В тот же день верстах в двухстах на запад от станицы Нижнечирской, в степном городке Луганске, где на окраинах и в рабочих поселках стояли те же мазаные хаты в три окошечка, но уже без скирд хлеба в просторных огородах, и по улице брела такая же свинья с поросятами, так же мирно цвели вишни и кричали грачи над гнездами, – на машиностроительном заводе Гартмана шел митинг.

Народу было столько, что сидели на высоких подоконниках, на станках, свешивали головы с мостового крана. Председательствовал организатор и начальник луганской Красной гвардии Пархоменко – большой мужчина с висячими усами, в сдвинутой на затылок бараньей шапке.

На трибуне, наскоро сколоченной из неструганых досок, где прямо по доскам написано дегтем: «Не отдадим Донбасса империалистам», – стоял небольшого роста человек, румяный от возбуждения. Бекешу он сбросил, военная рубашка обтягивала его крепкую грудь, край ворота потемнел от пота.

Он говорил звонко, напористо. Веселые глаза расширялись, когда он обводил лица слушателей, – то угрюмые, то мрачно решительные. Вот они раскрыли рты: «Ха-ха» – громко прокатывается под закопченной крышей, и его глаза сощуриваются от шутки. И снова согнутая в локте рука ребром ладони отрубает грань между двумя мирами – нашим и тем, беспощадным, кто наступает сейчас миллионами штыков…

– …Мы должны понять, что только в нас самих решение нашей судьбы. Грозный час пробил. Российская буржуазия призвала на помощь немецкую буржуазию. Им нужно залить кровью пролетарскую революцию… Им нужно захватить наши заводы, наши рудники. И вас, товарищи, приковать цепями к этим станкам…
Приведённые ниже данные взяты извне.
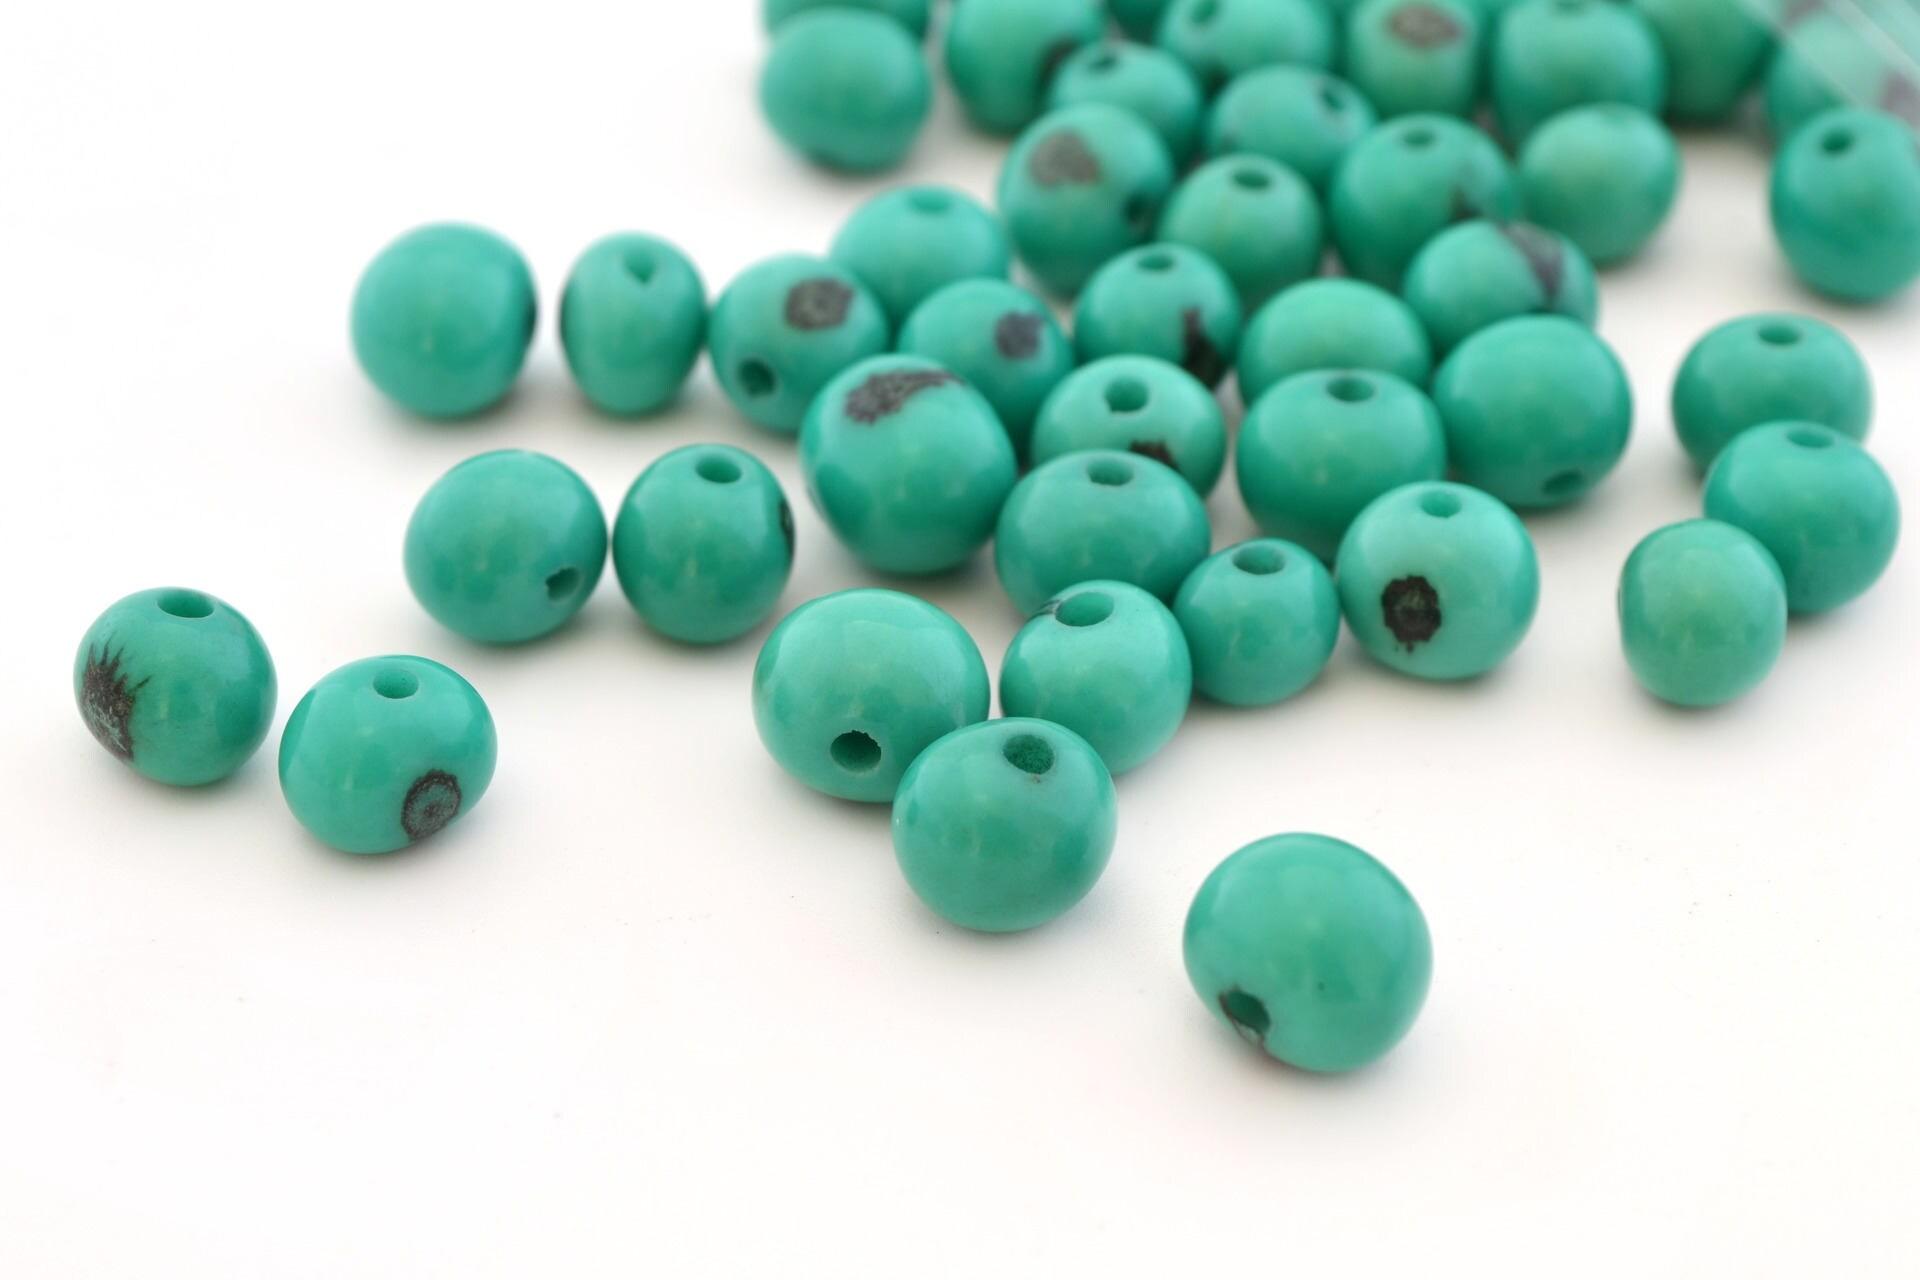 10 perles rondes vert meraude en graines d 39 a a 6 10mm etsy. Black Bedroom Furniture Sets. Home Design Ideas

Ему так внимали – казалось, при иных его словах услышишь, как у тысячи человек шуршат зубы. Ему верили, его хорошо знали – старого подпольщика, Климента Ворошилова, здешнего уроженца. Во время мировой войны он работал в Царицыне, в подполье, где сколачивал группу большевиков. Преследуемый полицией, бежал в Петроград и там работал в мастерских Сургайло. После февральской революции вернулся в Луганск, издавал газету, писал статьи, был избран председателем совдепа. С мандатом в Учредительное собрание уехал в Петроград. После Октября был там комиссаром порядка. В дни немецкого наступления снова вернулся на Донбасс, вошел членом Совета народных комиссаров в Донецко-Криворожскую республику, и сейчас митинговал с земляками – гартмановскими металлистами.

– …На Донбассе мы должны оказать решительный отпор немецким псам, готовящим в первую голову вам, товарищи, кровавую неволю… Немцы уже окружают Харьков. Революционные красные отряды малочисленны и разбросаны. Центральная рада продала Украину, продаст и Донбасс. Кто согласен протянуть шею под ярмо? (Ворошилов обвел глазами окаменевшие лица.) Таких здесь нет…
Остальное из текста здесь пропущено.